Now you could use that player set to display the number of players on your server in the footer of the tab list:

footer: "&7Total players:&f ${playerset:all_players size}"

As you can see from the example the ${playerset:all_players size} placeholder is used to display the number of players in the player set. This works the same for all player sets: The ${playerset:<name> size} placeholders displays the number of players in a particular player set.

Player on a Specific World

Let's create a player set that only contains players on a specific world. For this example it is assumed that there is a world called lobby.

playerSets:
  all_players: all
  lobby: ${player world} == "lobby"

Now that isn't too difficult. Let's create a player set for a survival world, that also contains players on the survival_nether and survival_the_end worlds:

playerSets:
  all_players: all
  lobby: ${player world} == "lobby"
  survival: ${player world} == "survival" or ${player world} == "survival_nether" or ${player world} == "survival_the_end"

That long line does not look very nice, we can split it across three lines to increase readability:

playerSets:
  all_players: all
  lobby: ${player world} == "lobby"
  survival: |
    ${player world} == "survival" or 
    ${player world} == "survival_nether" or 
    ${player world} == "survival_the_end"

Now a word on using Placeholders when creating a player set.
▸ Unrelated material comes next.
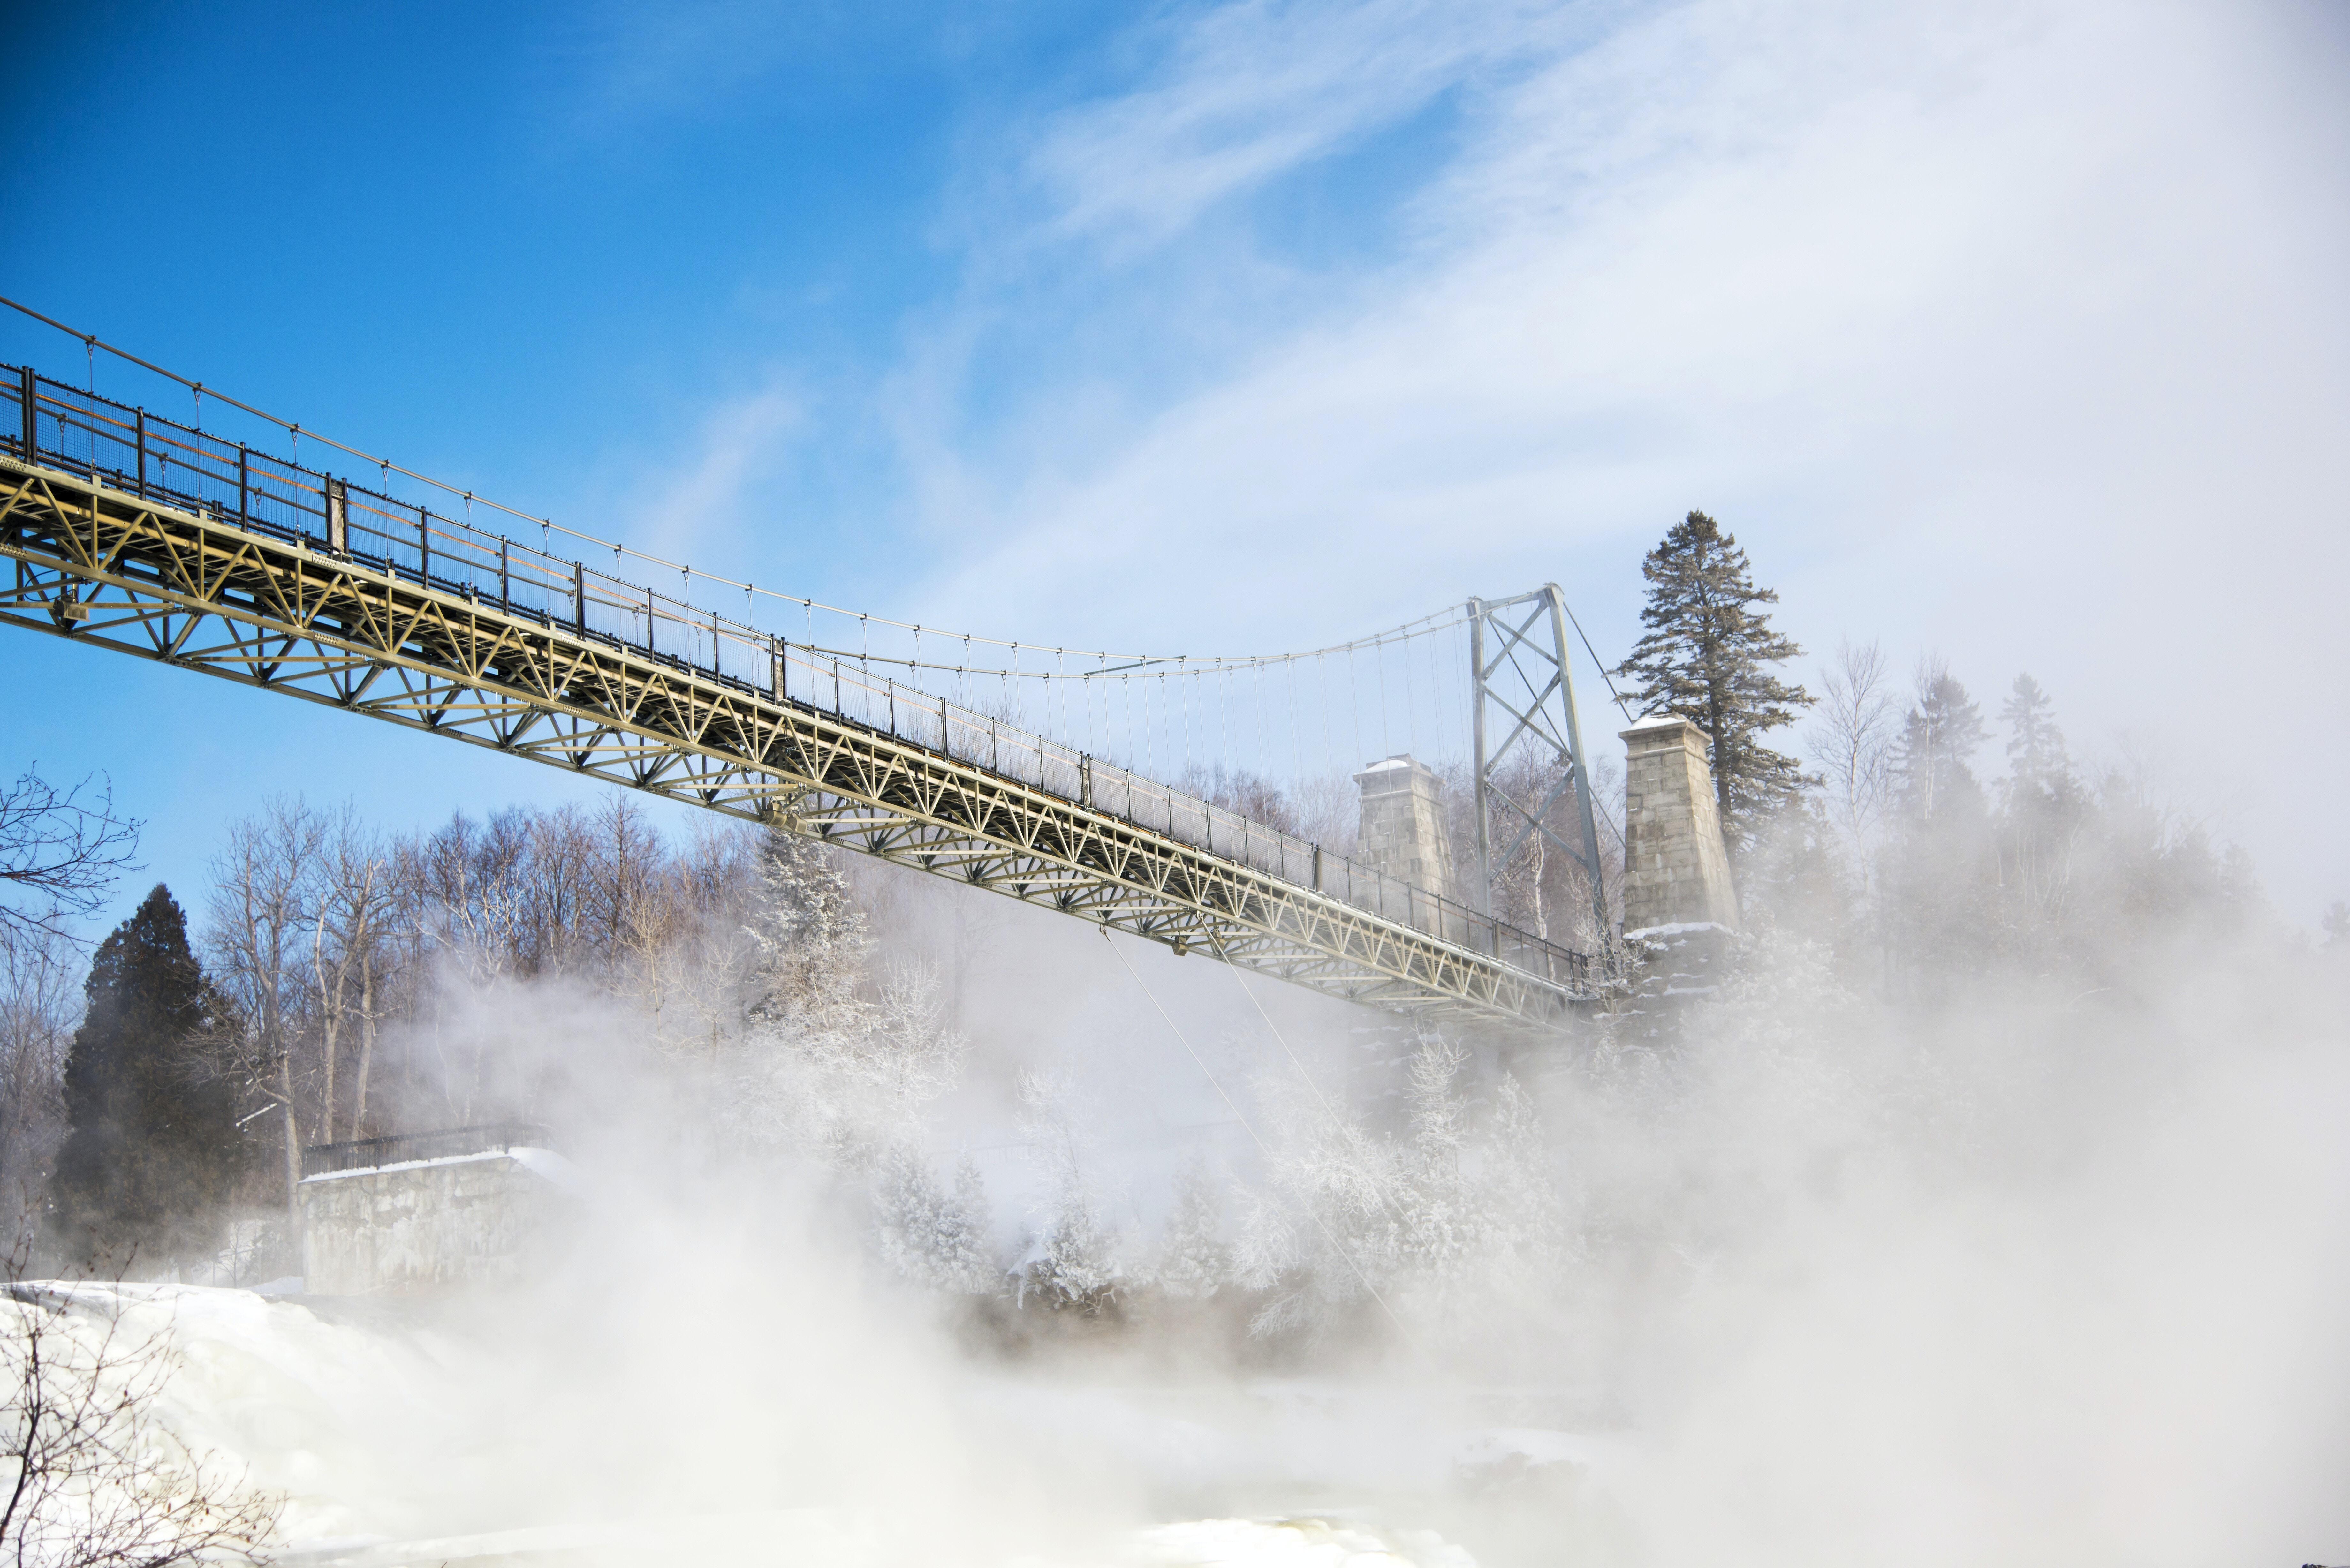 Bridge overpass in a snowy winterscape in Montmorency Falls

You usually want to use player variant of the placeholder when creating a condition that a player must fulfill to be part of the player set.

Selecting Players by Group

Last but not least we create a player set that contains all admins. For this example all players in either that admin or owner permission group are considered admins:

playerSets:
  # ...
  admins: ${player vault_primary_group} == "admin" or ${player vault_primary_group} == "owner"

To increase readability the complex definitions can be split up over multiple lines:

playerSets:
  # ...
  admins: |
      ${player vault_primary_group} == "admin"
      or ${player vault_primary_group} == "owner"

You could create a player set that contains all non-admins the same way, by listing all the groups, however a better way is to create a filter that says "everyone except admins" by replacing == with != and or with and.

playerSets:
  # ...
  admins: |
      ${player vault_primary_group} == "admin"
      or ${player vault_primary_group} == "owner"
  non_admins: |
      ${player vault_primary_group} != "admin"
      and ${player vault_primary_group} != "owner"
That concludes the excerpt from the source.